In order to do physics, one must sacrifice great amounts of time. Psychologically, one does this by convincing oneself that one is not wasting one’s time. And that leads one to believing things that may not be true. Hence disagreements over the interpretation of facts can be emotional.
We all know Luboš and his way to approach scientific matter in disagreements. There is no problem about all this as it can happen to some people to evade the realm of rational arguing and entering into the emotional one.
But what you are saying is more serious. You are claiming that a person like Philipp Lenard should be forgiven thanks to his contributions to physics? I can find a lot of other examples like this in all fields of human endeavors .
There is a curious fact about this Nazi physicist. His research helped Einstein, an Hebrew physicist, to find a correct understanding of the photoelectric effect. This is a typical paradox of science. But should this be enough for him to be considered an acceptable man?

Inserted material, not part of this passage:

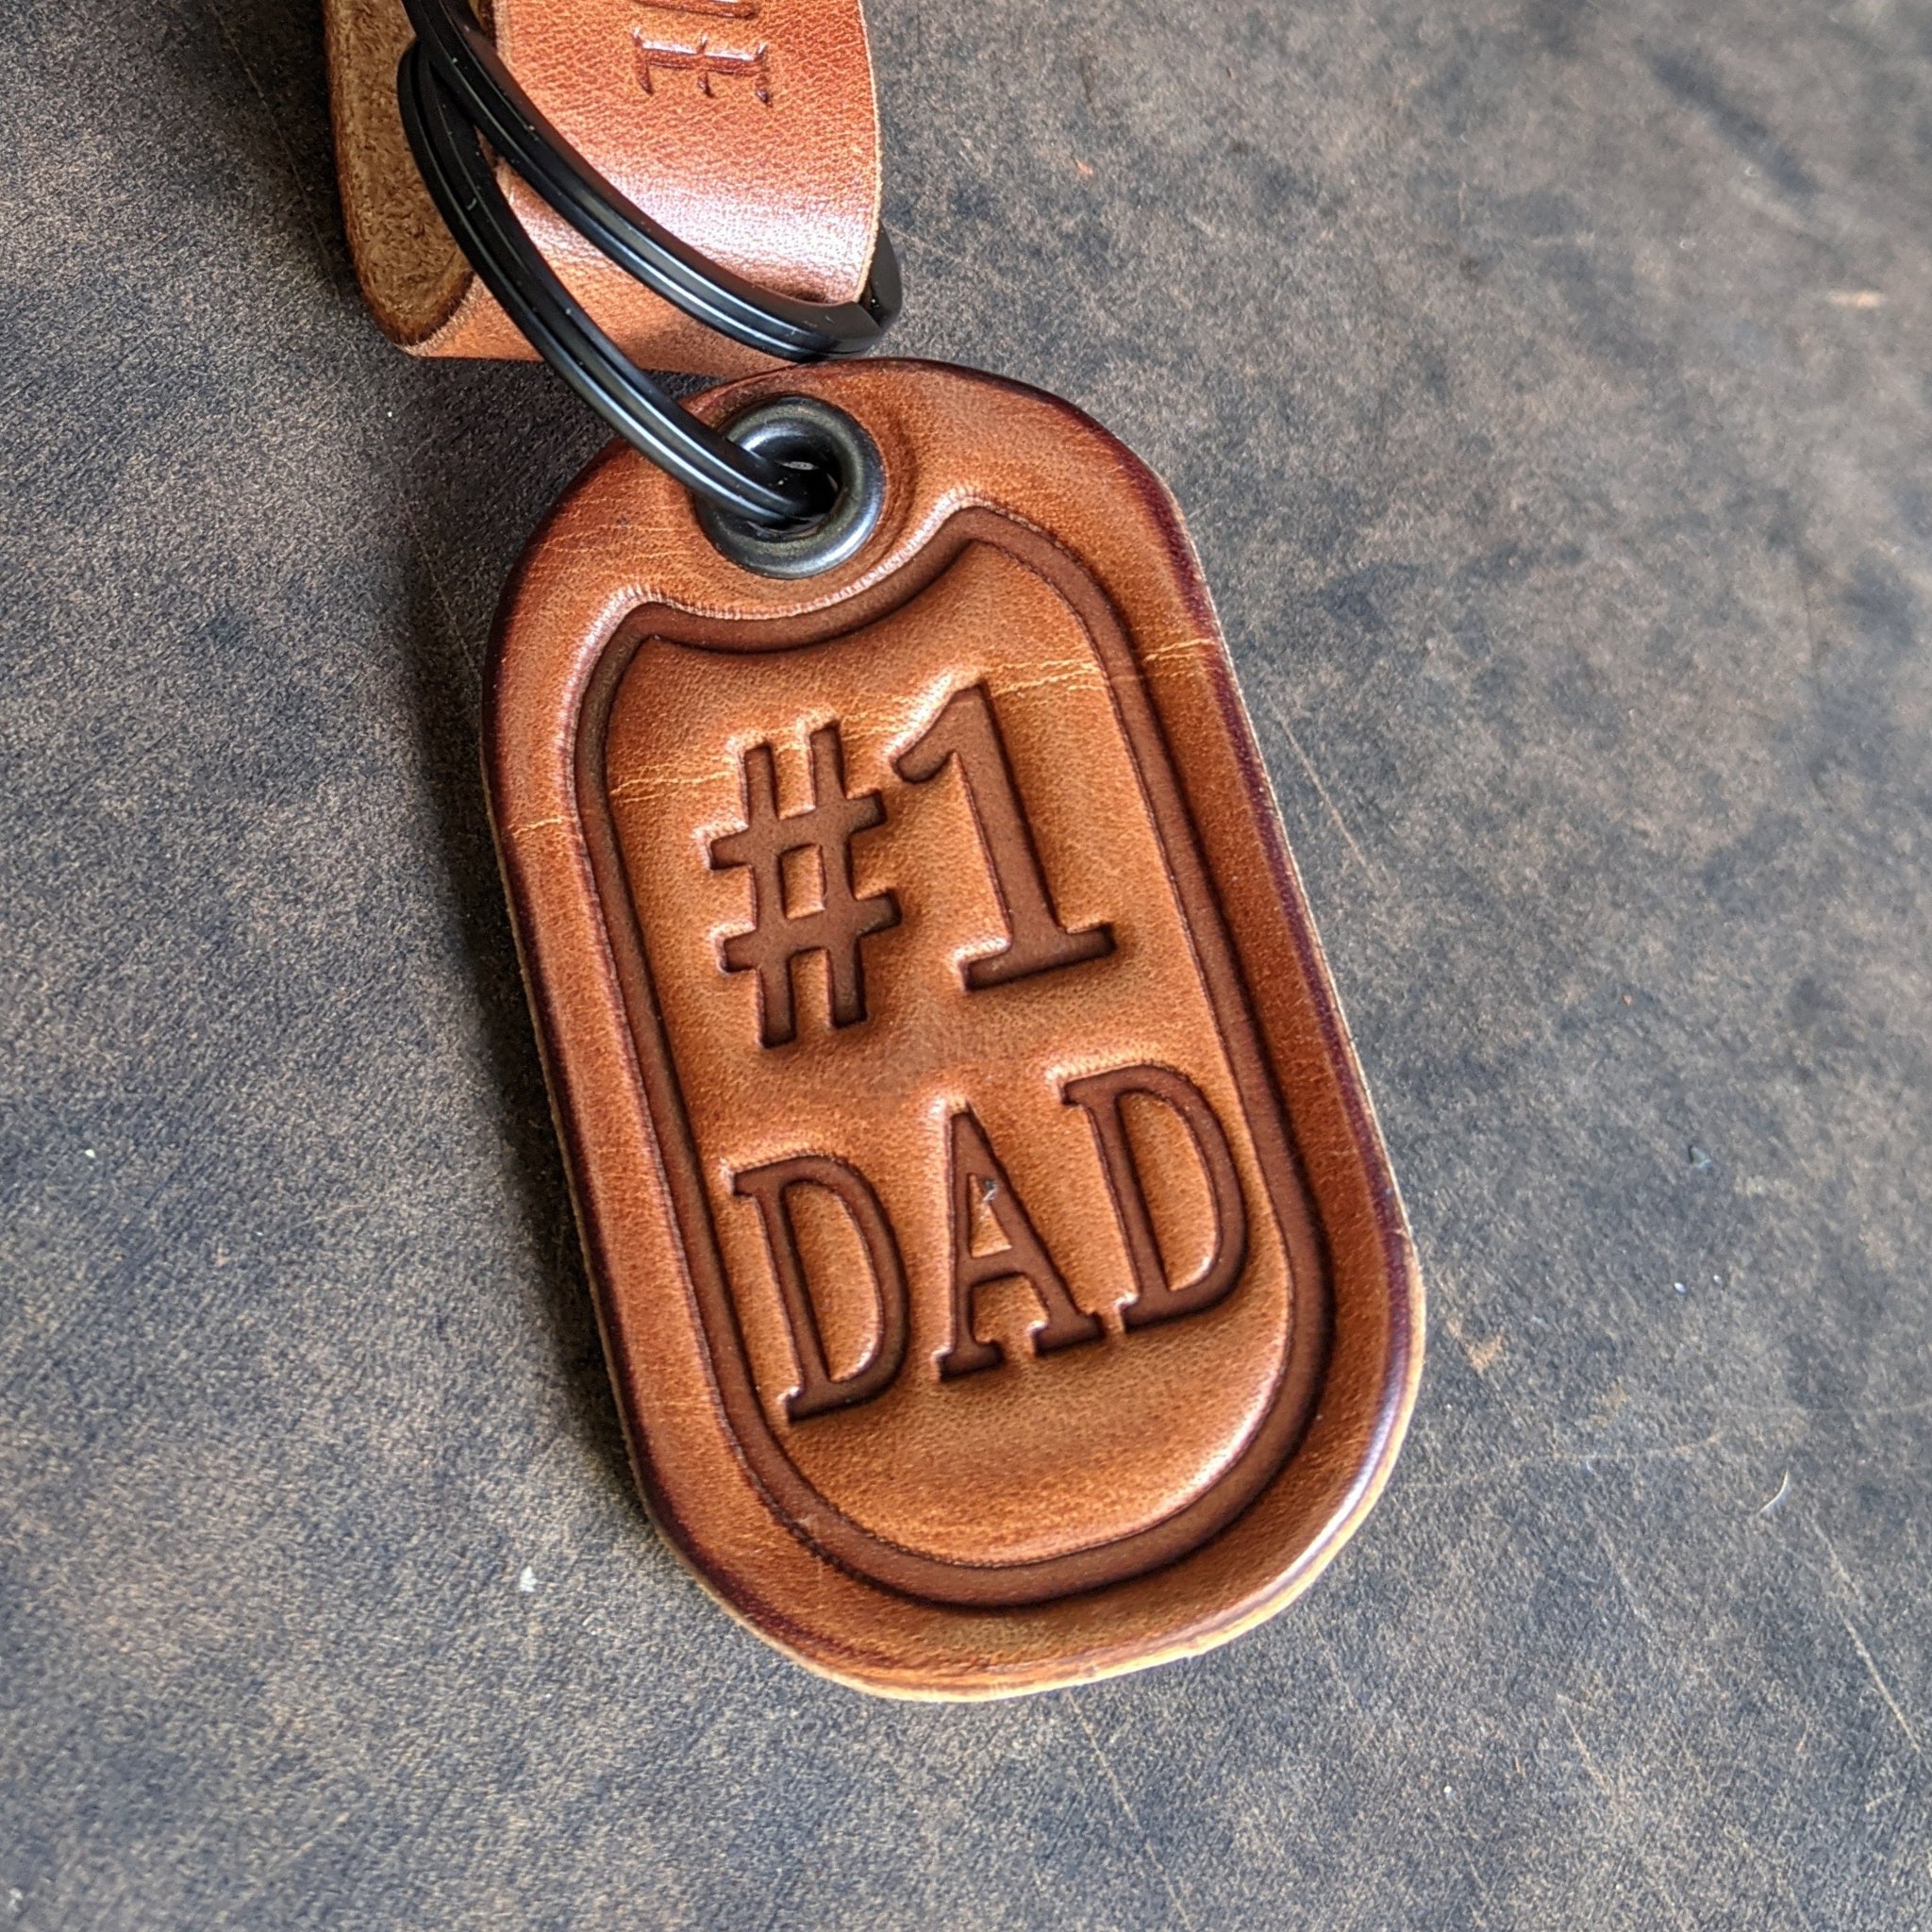 Popular Gifts For Dad

I think you are opening a kind of Pandora box here. I cannot share your view about this question and a great discovery cannot hide forever the bad man or woman the discoverer was. Rather, this fact should be used to remember her at the future generations for the kind of bad person she was.

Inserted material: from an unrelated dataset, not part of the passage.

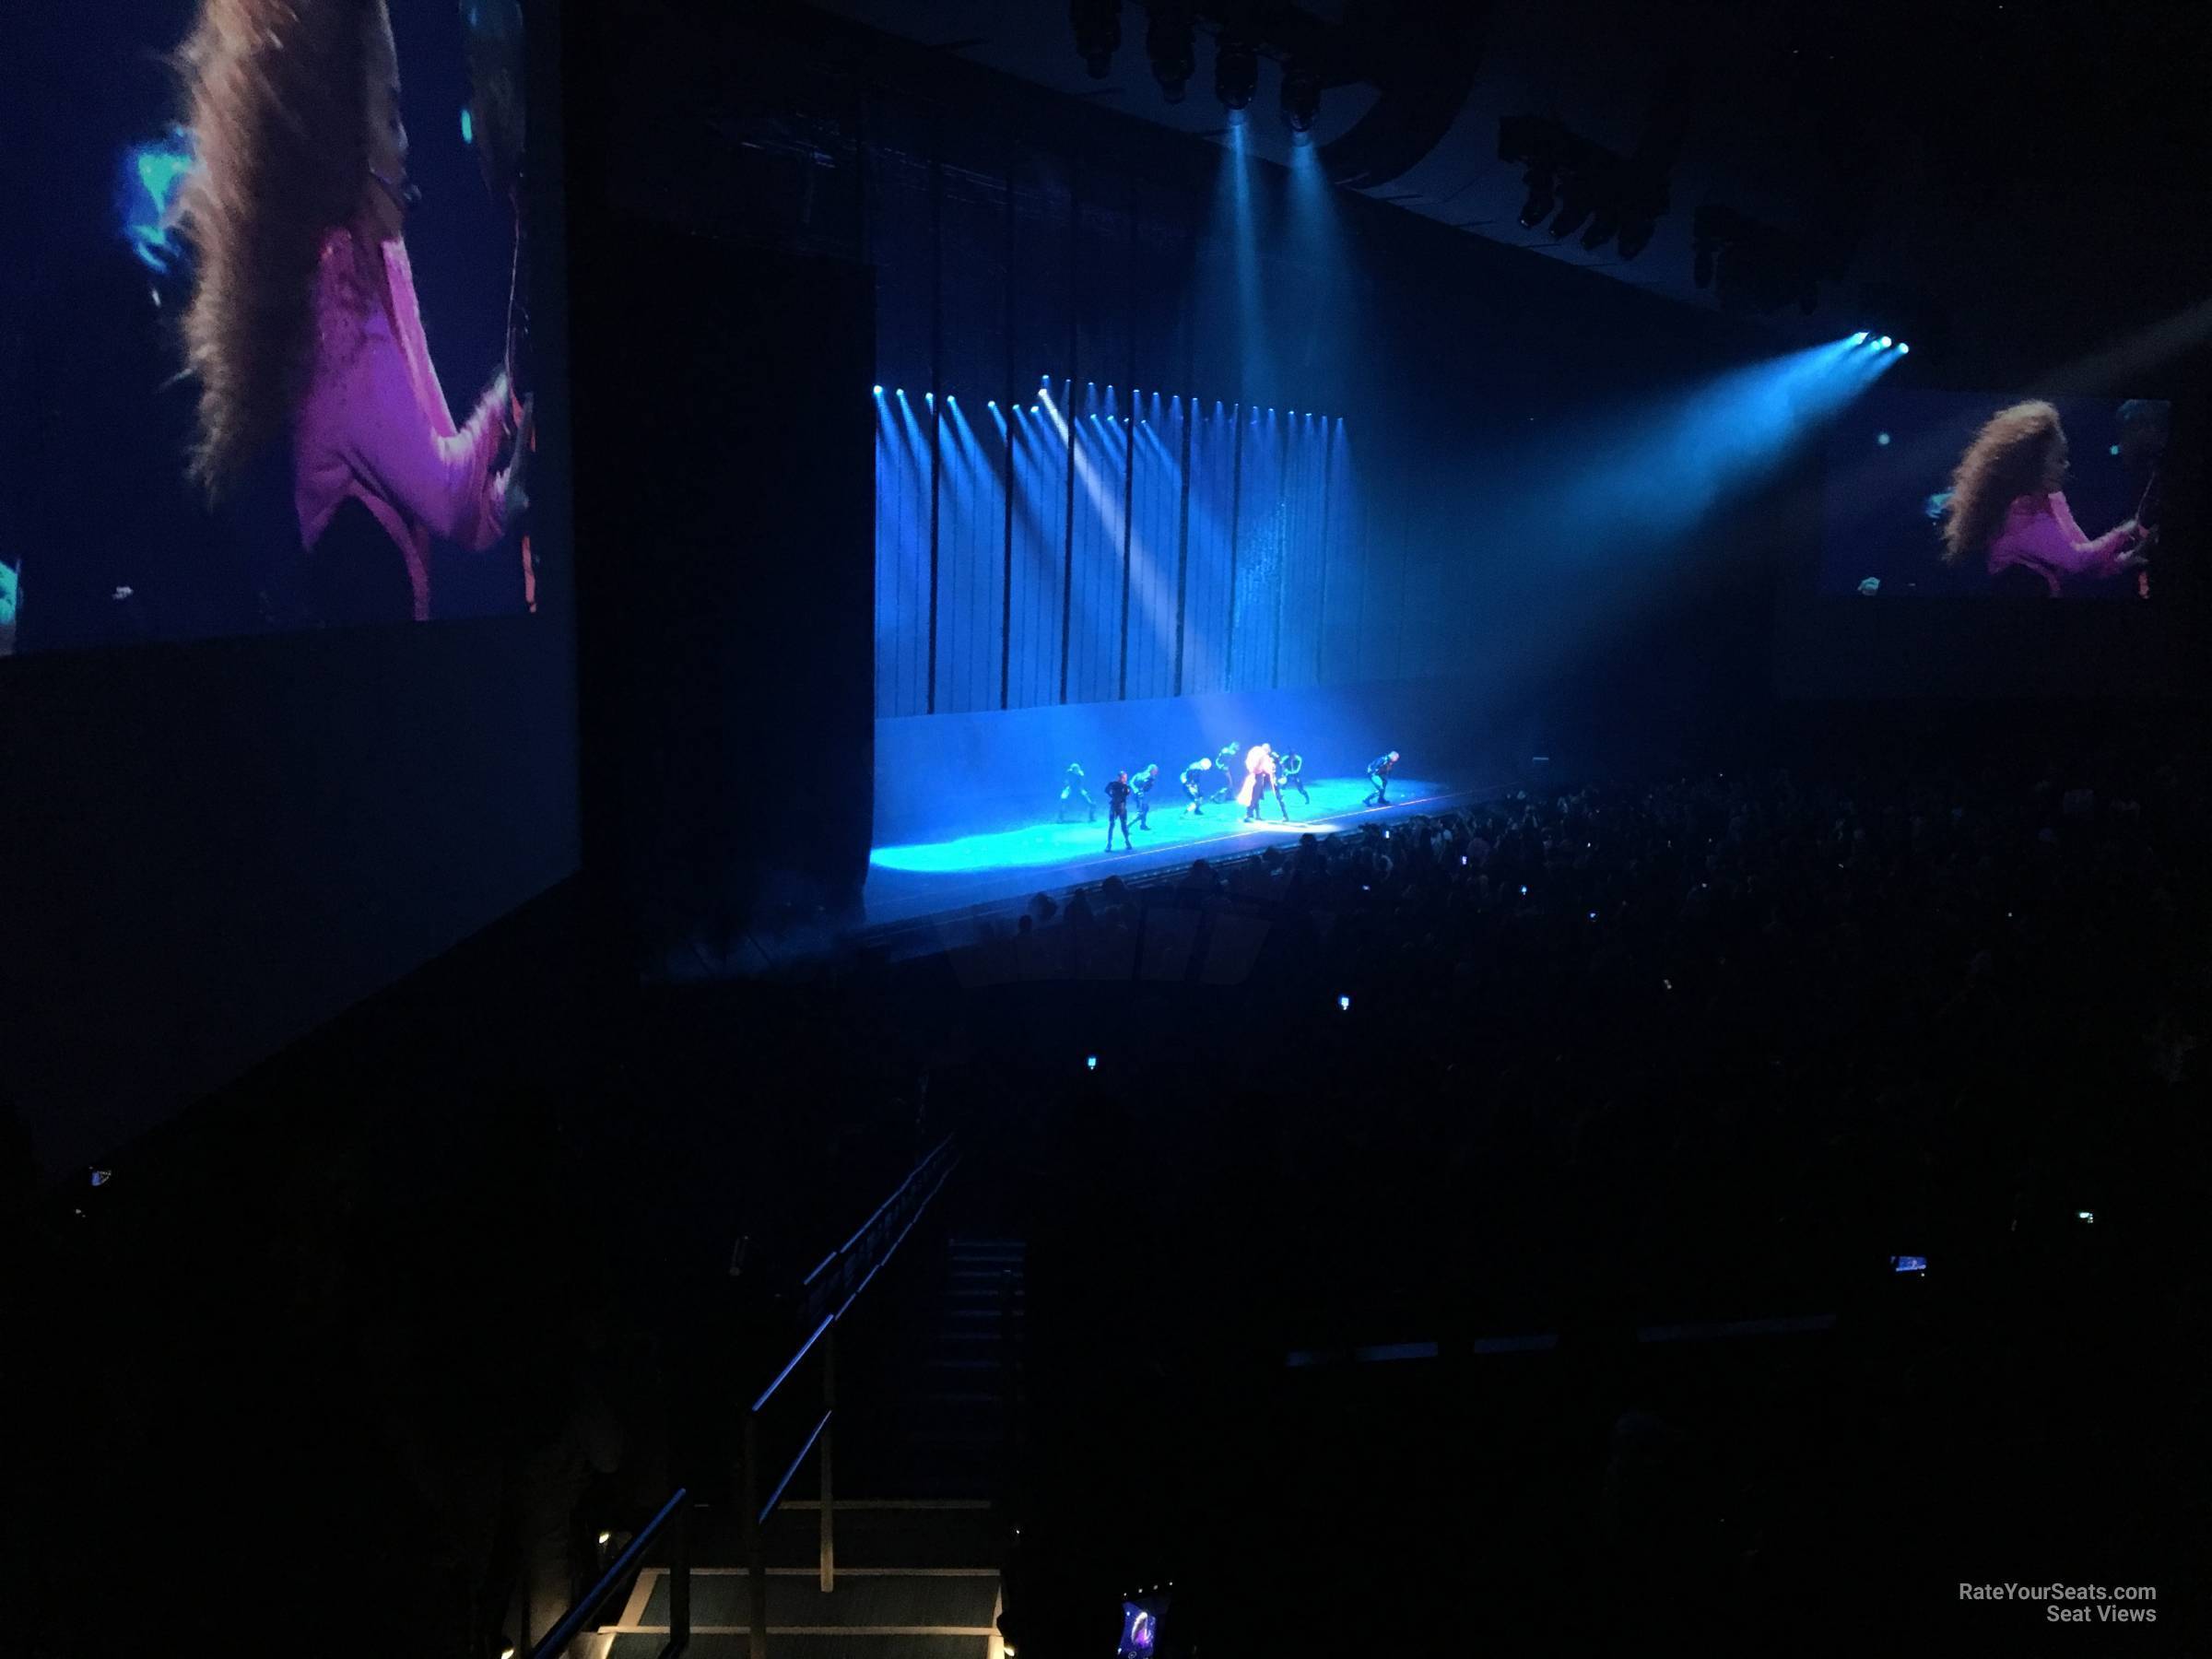 section 307, row f seat view  - dolby live at park mgm

I’m not saying that “Philipp Lenard should be forgiven”, but instead, that I forgive him. I had the flu a week ago, and for this sort of thing I keep books around that are certain to improve my mood. And so I read Goebbel’s diary of the last few months of his life, in 1945. It was fascinating, and it did cheer me up, what with the defeat of evil. Thinking of Luboš, I burst out laughing at what Goebbels said about Czechs.
While responsible for Nazi propaganda, Goebbels kept a clear understanding of the military situation as it slowly closed in on them. He was hopeful for a miracle but I did not think more so than the usual person would be in similar situations. I concluded that he was sane.

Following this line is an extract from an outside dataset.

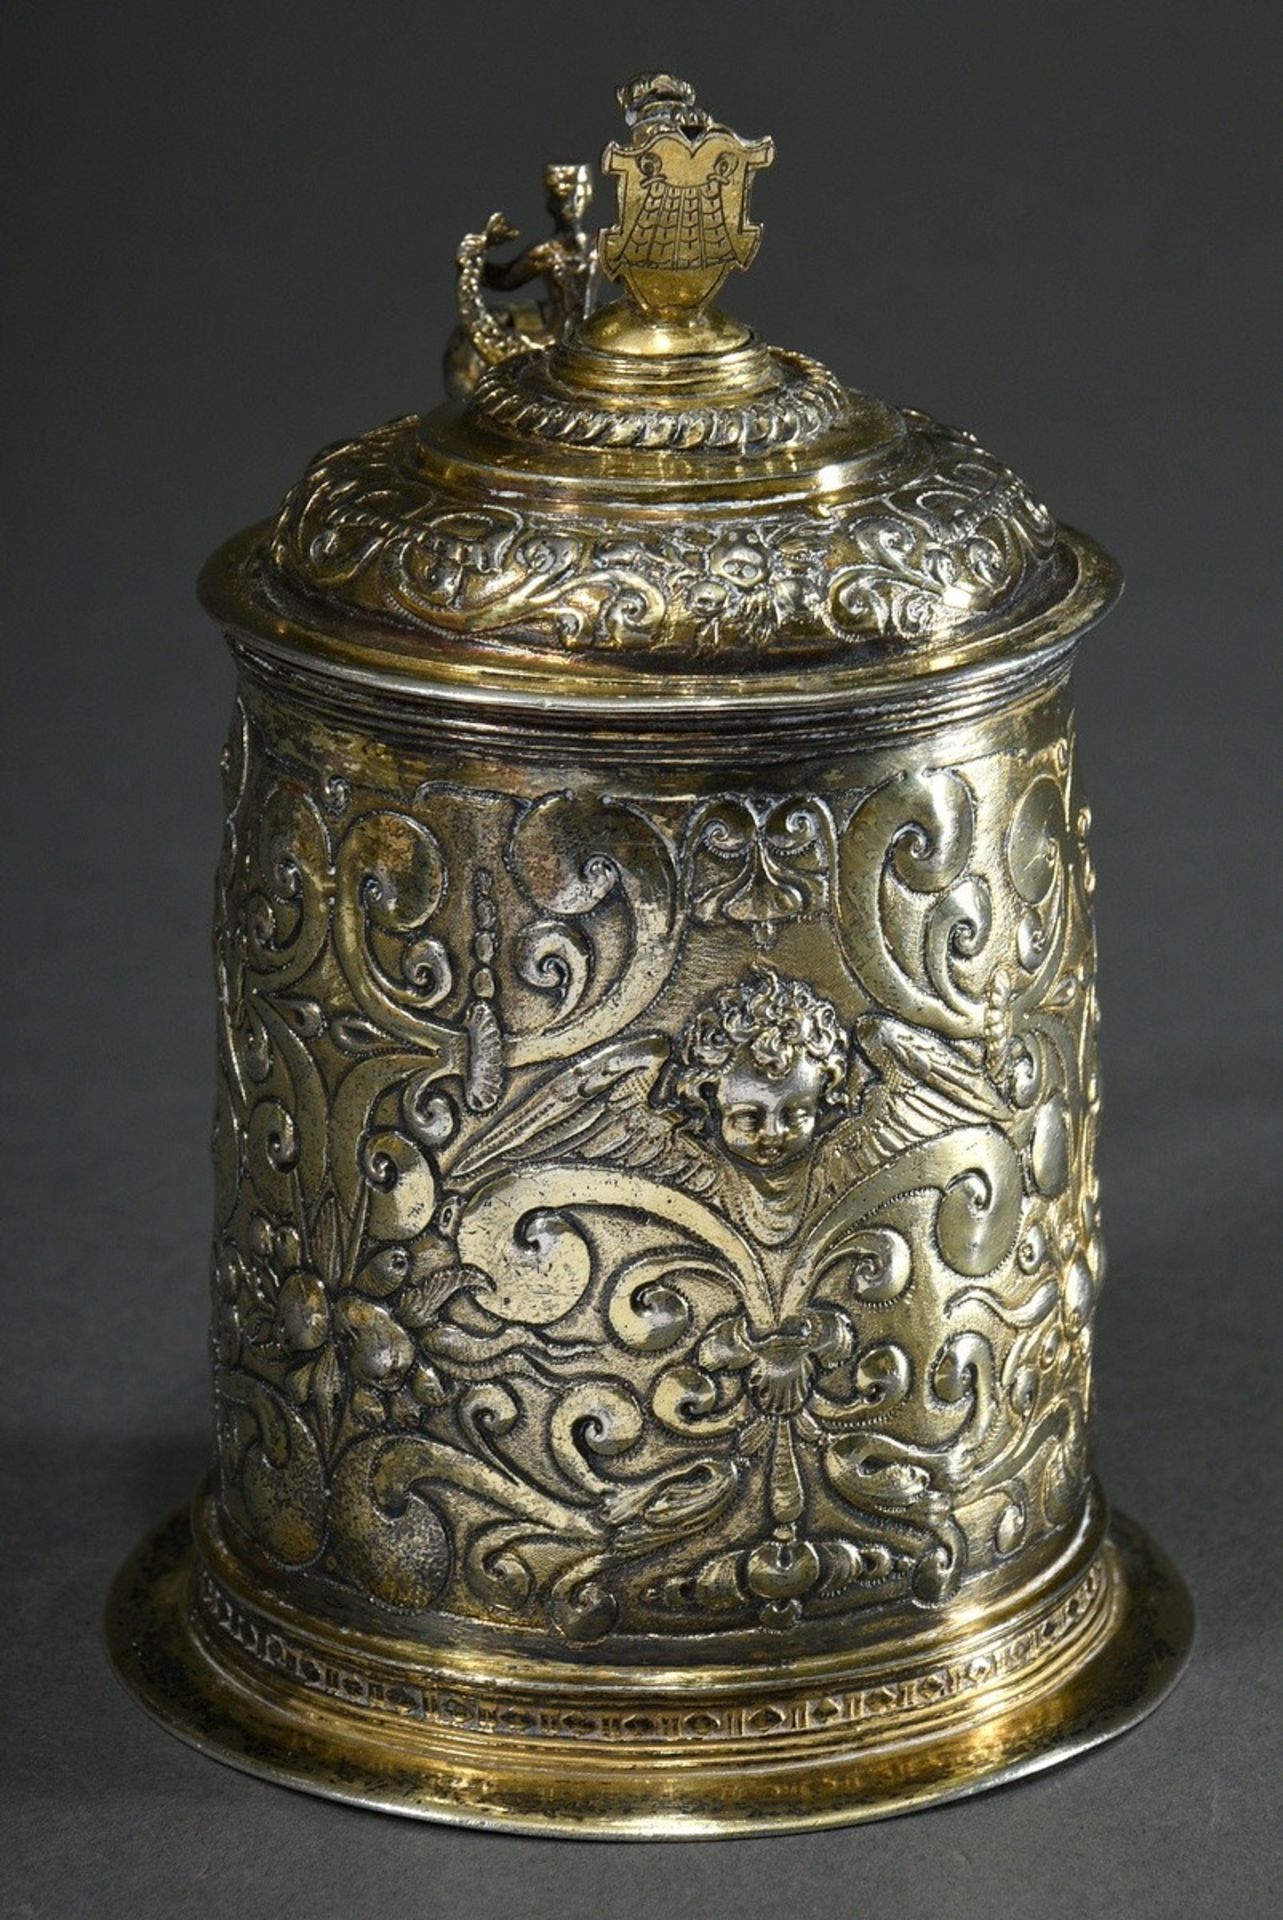 Small Mannerist lidded tankard with "fruit hangings and winged angels' heads" between scrollwork ov - Image 2 of 11

It’s amazing what the human mind can do in terms of what it is possible to believe, in physics as well as politics. I’ve ordered a biography of his beautiful, rich and fascinating wife, Magda, (sort of a 1933 Germany Paris Hilton) who refused to leave Hitler’s bunker and instead killed their 6 children and themselves. This is far more extreme, I think, than the incident in Guyana where a small city drank poison; these people were not nearly so self selected (for example, Magda Goebbels had, when younger, considered conversion to Judaism), and they were not made to practice suicide before committing it.
By contrast, our arguments about Lorentz invariance are quite polite.
I should add that the more I think about the Nazis, the less I understand them. I can’t help but suspect that their story is somehow a universal comment on the frailties of human reasoning and logic.